During the first four days of their detention they were beaten by the police with sticks and gun butts. On at least two occasions the paramilitaries guarding them threatened to execute them. However, disagreements among the Liyu police on how to proceed apparently saved the men’s lives. One former detainee told Human Rights Watch:
We were driving around different villages and some of the police said they should release us because the federal government will give them problems, they will discipline us, as we have committed a crime. Others said, “Let us kill all 24.” There were different ideas among the police.
After four days in the truck they were detained for at least another four days out in the sun near the village of Langeita, where they received only minimal food and water. After that the Liyu police took them to Gashaamo, where they were released on March 25 as a result of negotiations between the regional government and clan elders.
Looting
Residents of Adaada and Langeita described widespread looting of property, food, and money from shops and houses by the Liyu police. Six villagers who spoke to Human Rights Watch said that their own houses, belongings, and property had been looted on March 17.

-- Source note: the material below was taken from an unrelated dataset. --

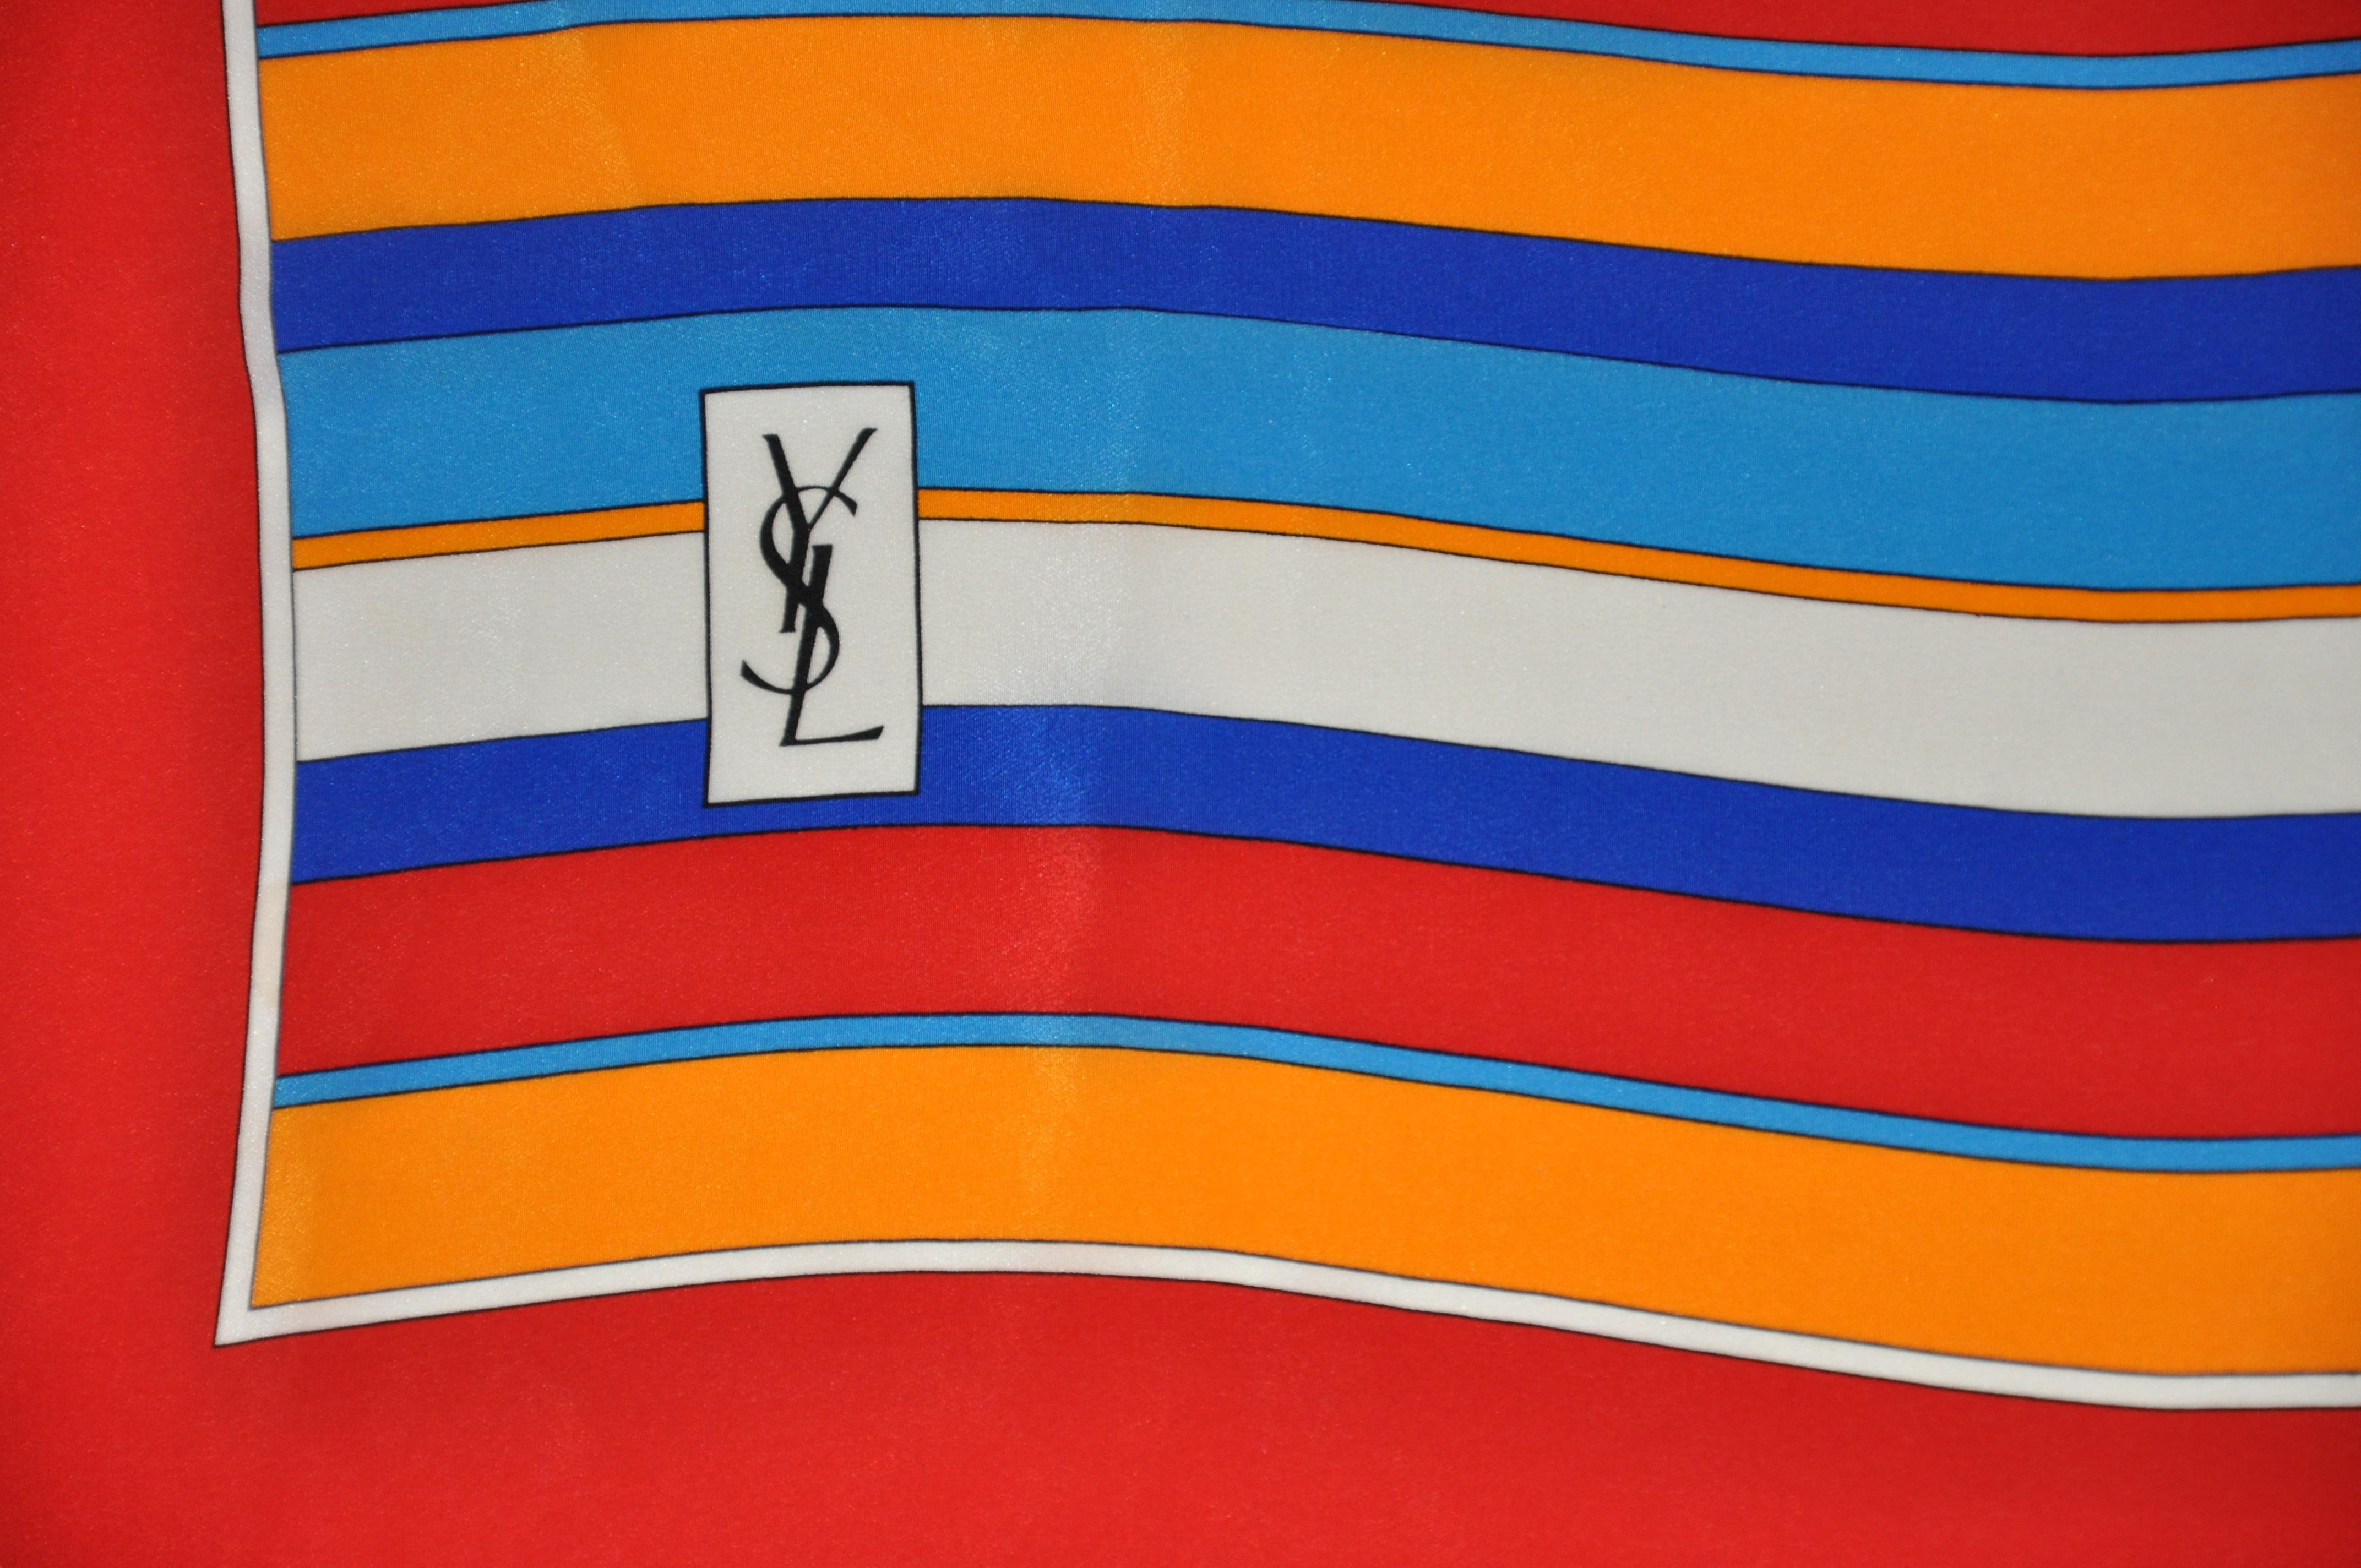        Yves Saint Laurent wonderfully vivid multi-color multi-sized striped silk scarf measures 34 inches by 34 1/2 inches, with hand-rolled edges. Made in France.

A 45-year-old woman from Langeita said that the Liyu police moved around the village in groups of five to seven and entered 10 stores. Two or three would enter a shop and steal shoes, clothes, drinks, and food. Two women said they could not return to their villages because they had lost all their property.
Reports from local authorities in neighbouring Somaliland suggest that discussions have taken place between clan elders from the affected villages and the regional authorities to negotiate a solution to the situation. None of the local residents who spoke with Human Rights Watch had current plans to return to their homes.
Background
Ethiopia’s Somali region has been the site of a low-level insurgency by the Ogaden National Liberation Front (ONLF) for more than a decade. The ONLF, an ethnic Somali armed movement largely supported by members of the Ogaden clan, has sought greater political autonomy for the region. Following the ONLF’s April 2007 attack on the oil installation in Obole, which resulted in the deaths of 70 civilians and the capture of several Chinese oil workers, the Ethiopian government carried out a major counterinsurgency campaign in the five zones of the region primarily affected by the conflict.
Human Rights Watch’s June 2008 report of its investigation into abuses in the conflict found that the Ethiopian National Defense Force and the ONLF had committed war crimes between mid-2007 and early 2008, and that the Ethiopian armed forces could be responsible for crimes against humanity based on the patterns of executions, torture, rape, and forced displacement.
These abuses have never been independently investigated. Ethiopia’s Foreign Affairs Ministry initiated an inquiry in late 2008 in response to the Human Rights Watch report, but that inquiry failed to meet the basic requirements of independence, timeliness, and confidentiality that credible investigations require. The government has repeatedly ignored calls for an independent inquiry into the abuses in the region.
Since the escalation of fighting in 2007 the Ethiopian government has imposed tight controls on access to Somali region for independent journalists and human rights monitors. In July 2011 two Swedish journalists who entered the region to report on the conflict were arrested, convicted, and sentenced to 11 years in prison under Ethiopia’s vague and overbroad anti-terrorism law.
Gashaamo district, where the March 2012 events took place, is in Dhagabhur zone, one of the five affected by the conflict. However, it was not an area directly affected by fighting in previous years, and is largely populated by members of the ethnic Somali Isaaq clan, who are not generally perceived to be a source of support for the ONLF.